Patrick laughed. “Well, isn’t that cheery.”
They drove on, past a large Woolworths supermarket on the left, lit up white and green, and then Edgar indicated again and turned right up a steep hill. They followed, engine whining. Houses lined either side, some clearly older, with more modern buildings in between. Patrick imagined the place when it was first settled and everyone had plenty of space, until they began selling the land, subdividing as the town grew. They reached the top of the large hill, the town spread out below them, then went around a tight S-bend and along further. More houses, these a little more spaced out, and then a huge building on a corner block.
The block was thick with old trees, huge with high, wavy buttress roots, and well-established garden beds of shrubs and flowers. A stone wall stood all around it, and in the middle a large two-storey stone block house. Big bay windows, verandas with curlicued metal fencing all around both floors, a steep tiled roof with intricate chimney stacks. Behind the house, on the far side of the big garden, was nothing but bush. The road turned left and went back down the other side of the hill. More houses lined that street. Edgar drove his black van into the driveway of the big house. A stone sign carved with the words “The Manor” marked the entrance to the driveway.
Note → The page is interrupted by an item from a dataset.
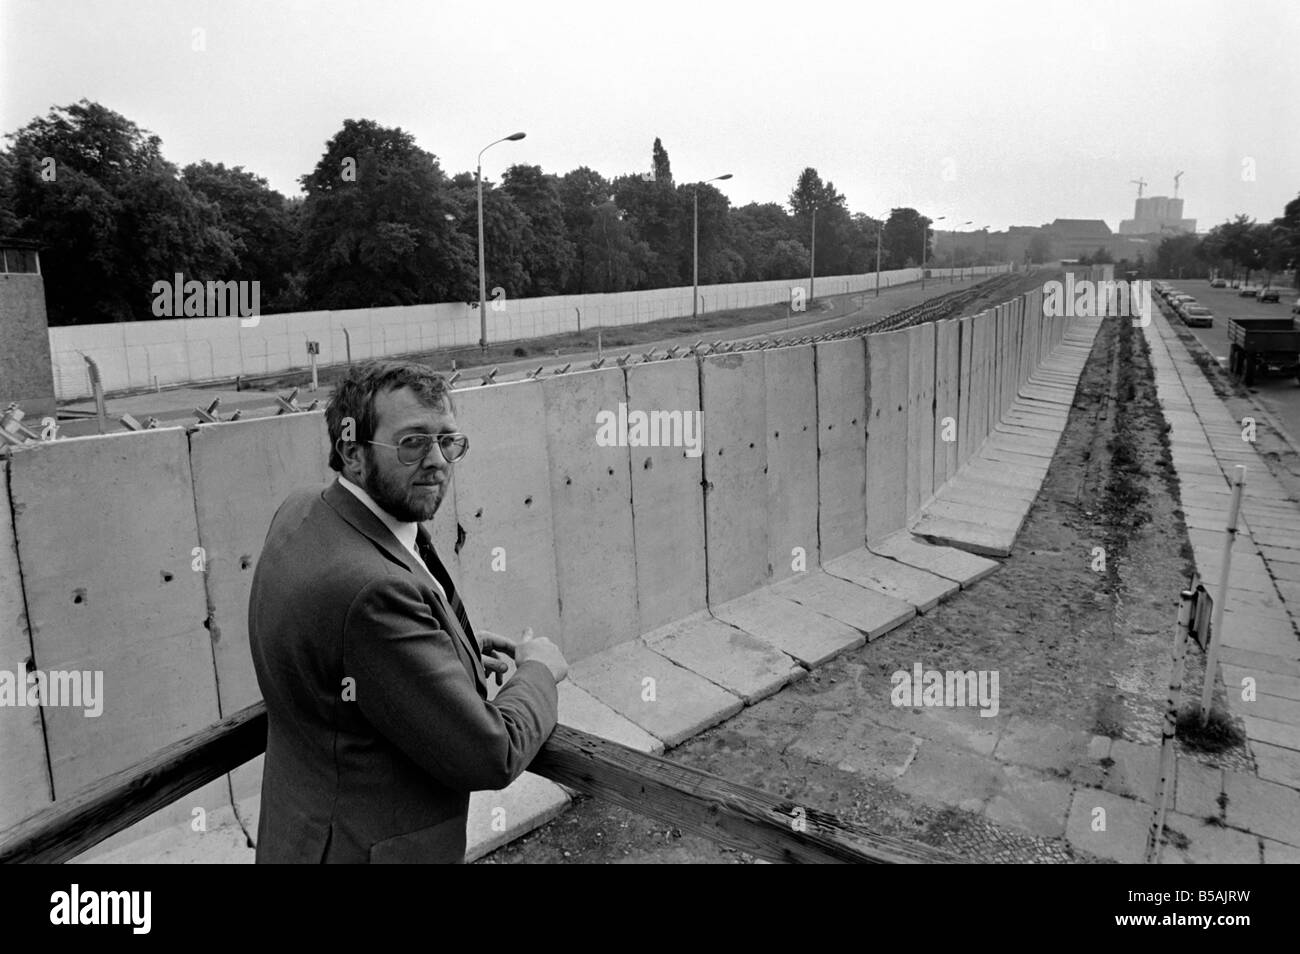 Blick auf die Berliner Mauer am Brandenburger Tor.; Die Berliner Mauer war eine Barriere trennt West-Berlin aus Ost-Berlin und dem Rest der DDR. Juni 1980 Stockfoto

“Far out,” Patrick said. “He wasn’t joking.”
The driveway curved around behind the house, several other cars already there. Some were empty, others had people inside, waiting. Edgar drove the van past them all and into a large three car garage, the door on the left open to receive him. Patrick parked up behind the other cars. When the band emerged, people poured out of their vehicles and crowded around.
“Time to party!” Edgar said, and everyone cheered.